Enbridge hopes to have a replacement for its Line 3 pipeline into the US midcontinent, and the 370,000 b/d of restored capacity that comes with it, in service by mid- to late-2019 if they can get through Minnesota regulators in a timely manner. But crude still might be constrained by then, and the timetables for Kinder Morgan's 590,000 b/d Trans Mountain expansion to the British Columbian coast and TransCanada's 830,000 b/d Keystone XL pipeline to Nebraska are much fuzzier.
Looking south
There seems to be more long-term optimism among petroleum rail shippers about Mexico's staying power, considering its massive fuel appetite, relative closeness to the US Gulf coast refining and fractionation centers, large inland population centers and insufficient and tap-prone pipeline system.
On top of that, the 2015 tank car rules that focused on crude and ethanol movements allow refined products — which historically have had little presence on US rails — to run in legacy tank cars until 2029.
"We are really just seeing the beginning of [independent] refined products imports into Mexico," Kansas City Southern chief executive Pat Ottensmeyer told SWARS this week, noting that only a fraction of fuel movements from the US to Mexico take place on rails as infrastructure on both sides of the border continues to ramp up.
Titterton agreed that more US tank cars might find themselves in Mexico soon.
"Mexico could be a different story," he said. "If various market participants play their cards right, we are seeing on the tank car side significant and probably sustainable demand to move refined products into Mexico."

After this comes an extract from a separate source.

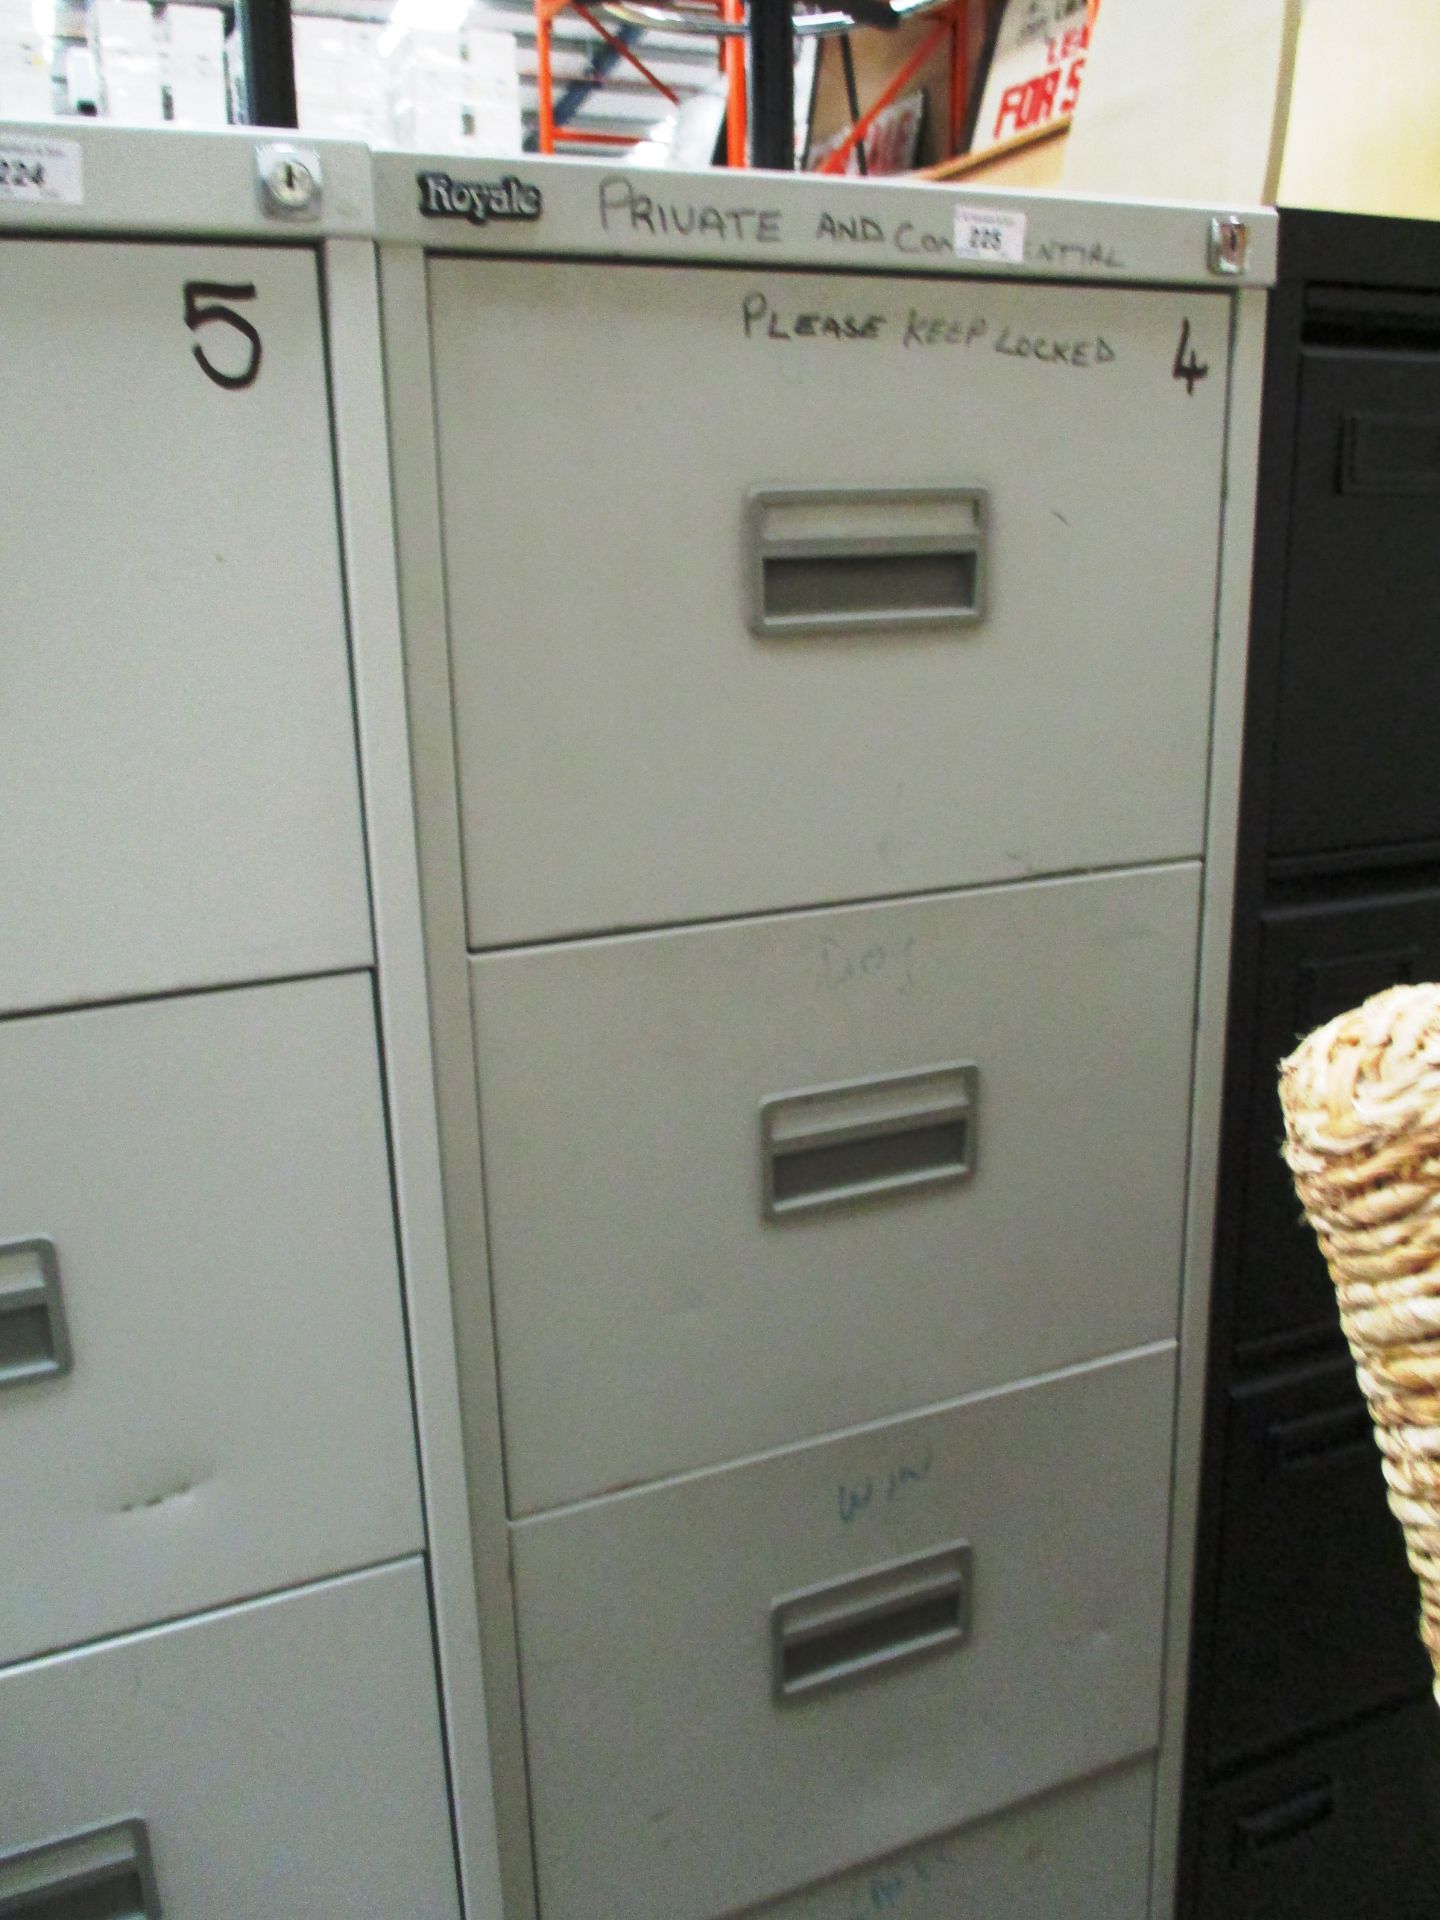 A Royal grey metal four drawer filing cabinet (unlocked no keys)
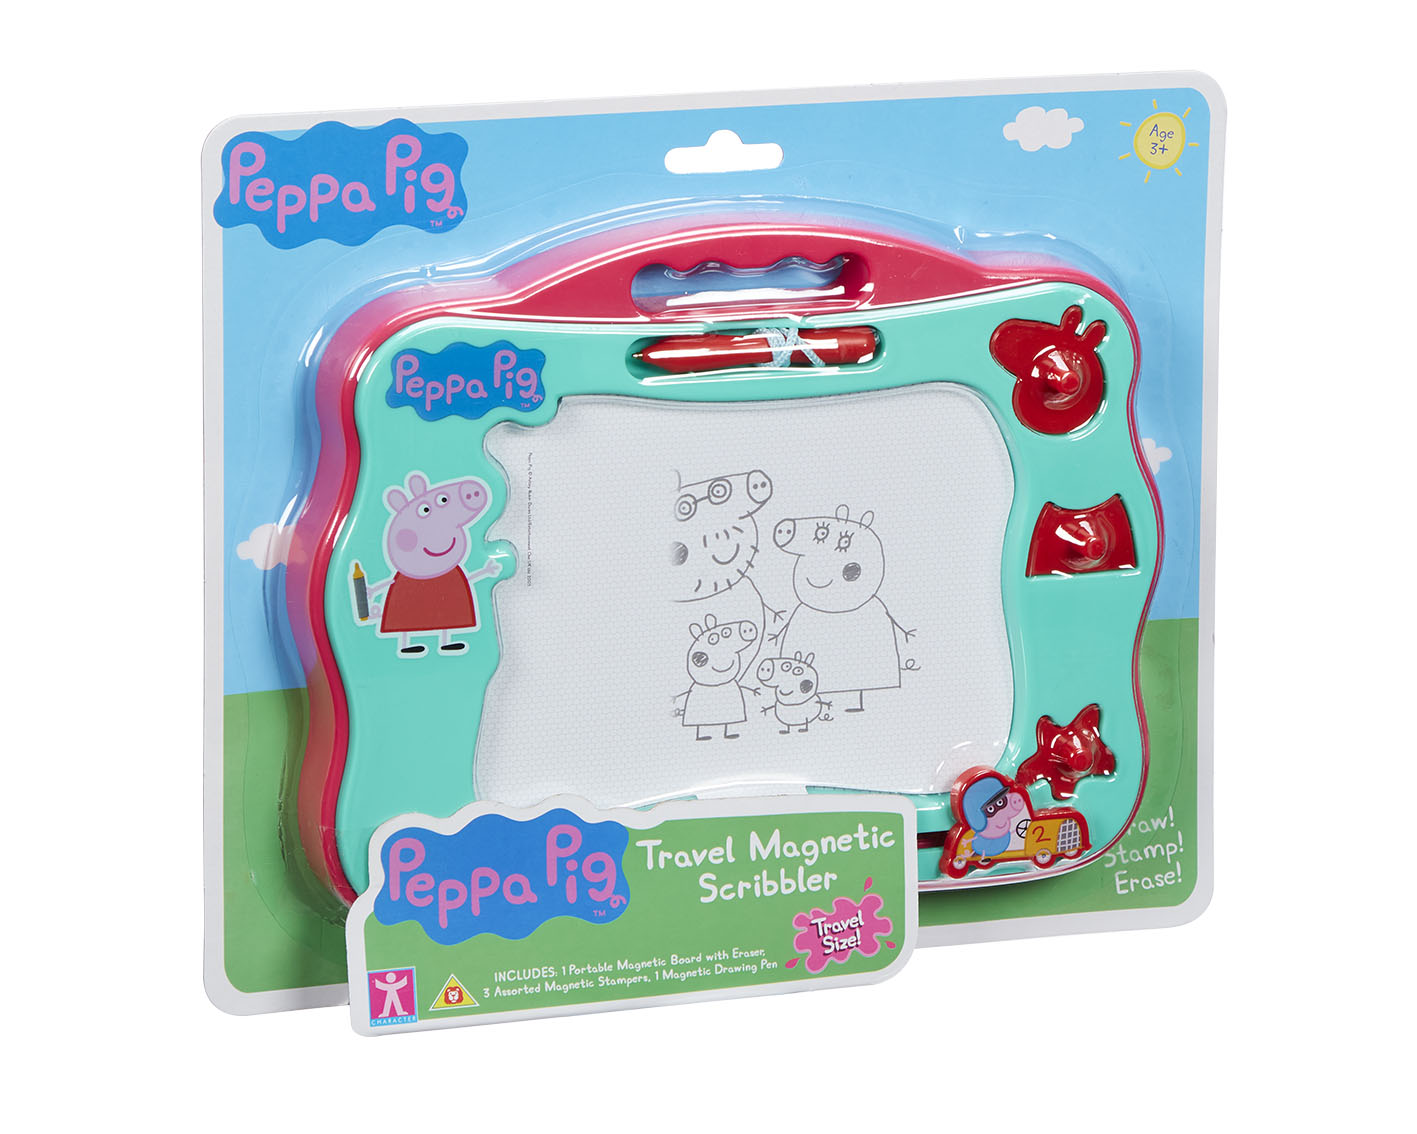 Peppa Pig’s Travel Magnetic Scribbler

If rail's share of refined products movements from the US to Mexico ramped up to 20-25pc, compared with less than 5pc now, "you would see those refined products shipments rival propane and LPG in terms of total carloads" in the US, PLG Consulting chief executive Graham Brisben said. Since 2012, monthly LPG carloads have consistently hovered around 40,000, while refined products have been at trace levels.